I stabbed myself again. This one made me convulse. Something slammed into my back; the figures around me became a blur, but not a blur I could see, because there was something wrong with my eyes and then with my brain and then with the taste of blood in my mouth and then what a goddamn stupid way to die and then something exploding inside my chest and then
19 XANA
Nothing seemed to happen after that, not for a long time; nothing except for me replaying those moments and remembering how and where but not why I’d died.
Even when things started happening, they didn’t amount to much.
I drifted in and out of consciousness for a while.
At one point I found myself floating, fetuslike, in a chamber filled with golden fluid. The walls were both curved and transparent, and the shapes moving in the drier chamber beyond were all distorted funhouse figures, their faces stretched into cylinders with only distant resemblance to the people I had known. One pressed a palm against the wall separating us and mouthed something. I considered reaching out to place my own hand against the other side, but could not seem to translate the impulse into action, and soon lost all interest. After a few seconds I closed my eyes and went back to sleep.
With little transition I found myself in another flotation chamber, in this case the blue nothingness of the AIsource virtual interface. I was annoyed. I didn’t want to be bothered by their shit right now. But the avatar just studied me and spoke a single sentence, one I was in no mood to register, much less heed. It’s not over, Counselor.
In between flashes of being wheeled somewhere on a gurney and lying on a bed with each of my hands being held and massaged by a watchful Porrinyard, I dreamed of my childhood on Bocai. I’d had such dreams before, of course, but most of them, too many of them, had been traumatic flashbacks to the night of the massacre. I was well used to sitting upright in cold sweats, still seeing images of bloodlust and loss. Less often I returned to the moments I remembered now: the idyll before the tragedy, the sunny skies, the laughing faces, the love of both my human and Bocaian families. In this particular flash I must have been about three or four years old. My mother and I were together in a park I remembered well, playing a lazy game with a ball at the end of a string and rules that I made up as I went along. I tripped over something and went down hard, exploding with sobs at the typical childhood inability to absorb the pain and shock adults deal with every day. My mother picked me up and told me it was okay, that I’d be all right, that she’d take care of the owie when we got home. She was bright-eyed and sympathetic, strong and wise—she knew the wound was really nothing, and knew the crisis needed to be felt in order to pass. As the dream, or memory, ended, Bocai’s sun glistened on her dark hair and I reached out, in innocent fascination, to touch it.
The blue room again.
Andrea Cort: You are not yet out of danger.
I thought you said you wouldn’t help me.

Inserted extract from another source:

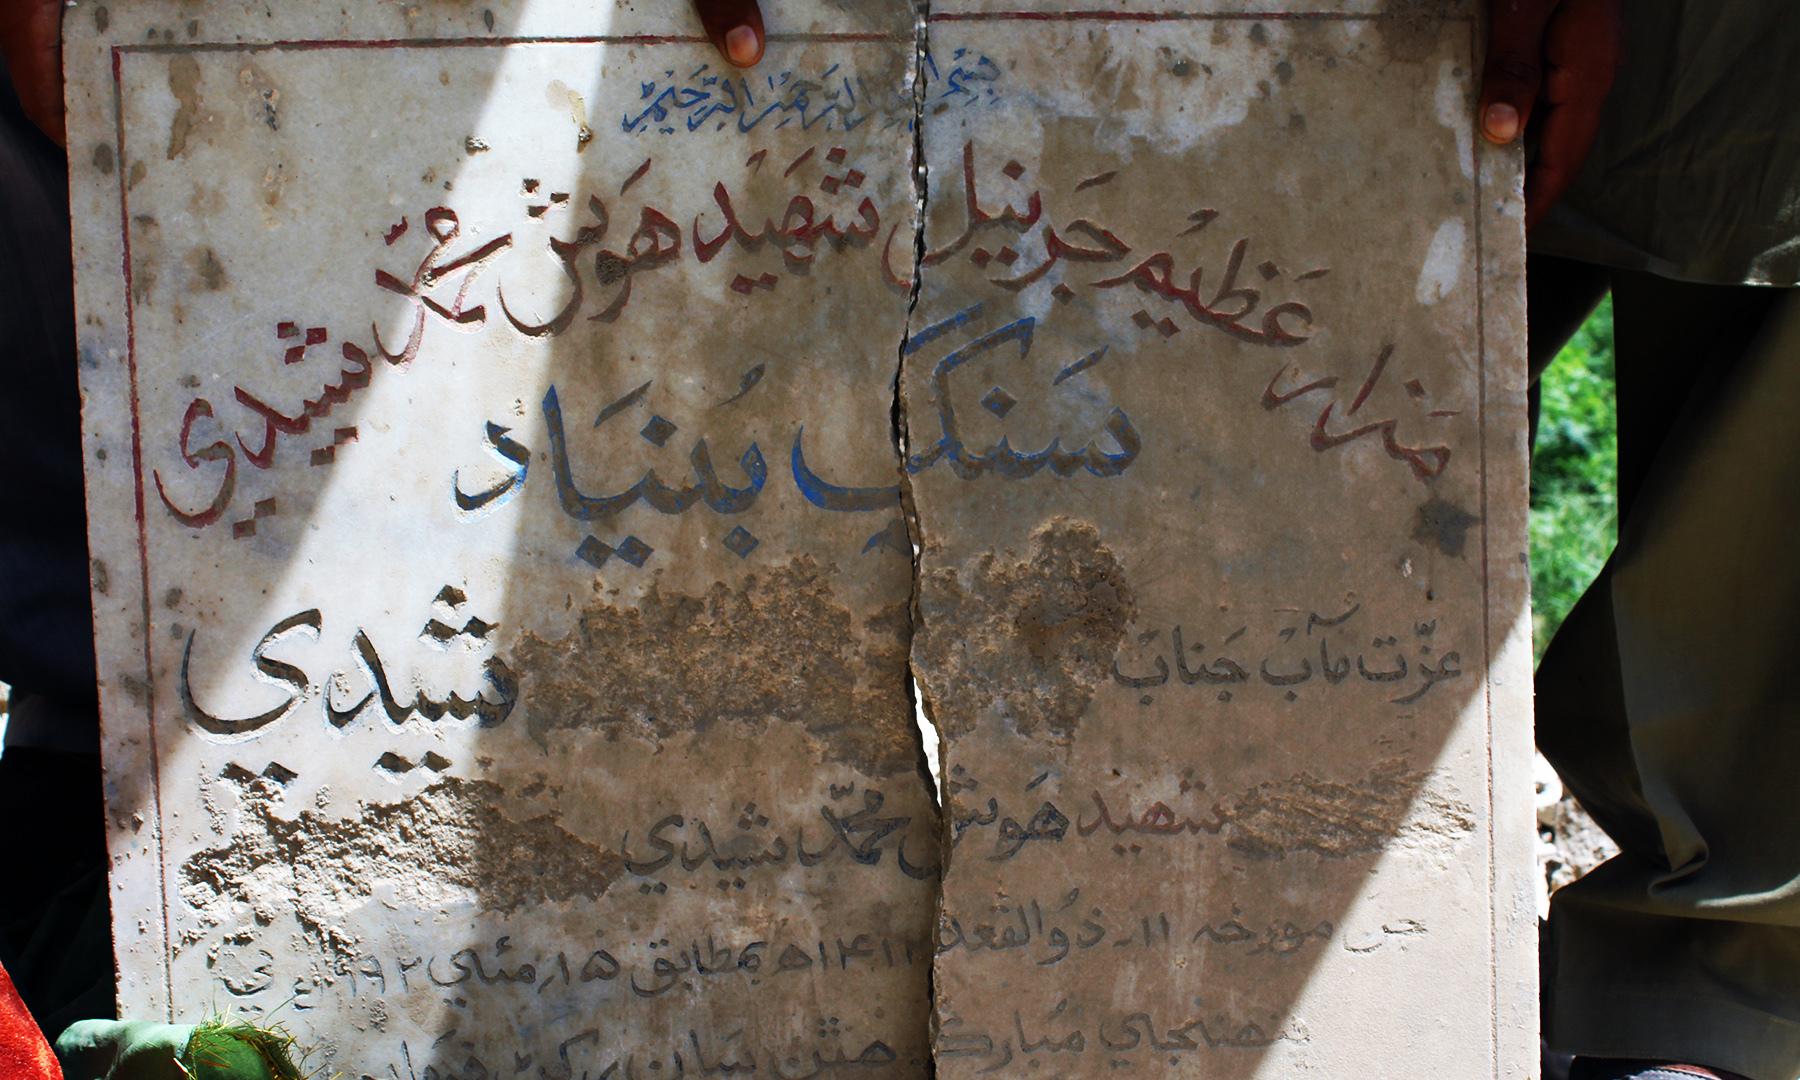 ہوشو شیدی کی قبر کا کتبہ — تصویر اختر حفیظ

That it was against your precious rules of engagement.
We’ve helped you more than you can know, Counselor. We are helping you now. The Bettelhines are using their local franchise of our medical enterprise to treat you.
AIsource Medical. This marked another time I owed them. What’s wrong with me?
You were exposed to pure vacuum for just under a minute. There was extensive damage to your lungs, your trachea, your nasal passages, your throat, and your eyes. You also suffered a number of disfiguring burst blood vessels on your chest and shoulders, and a significant cerebral event in your brain. You were, for several subsequent minutes, dead.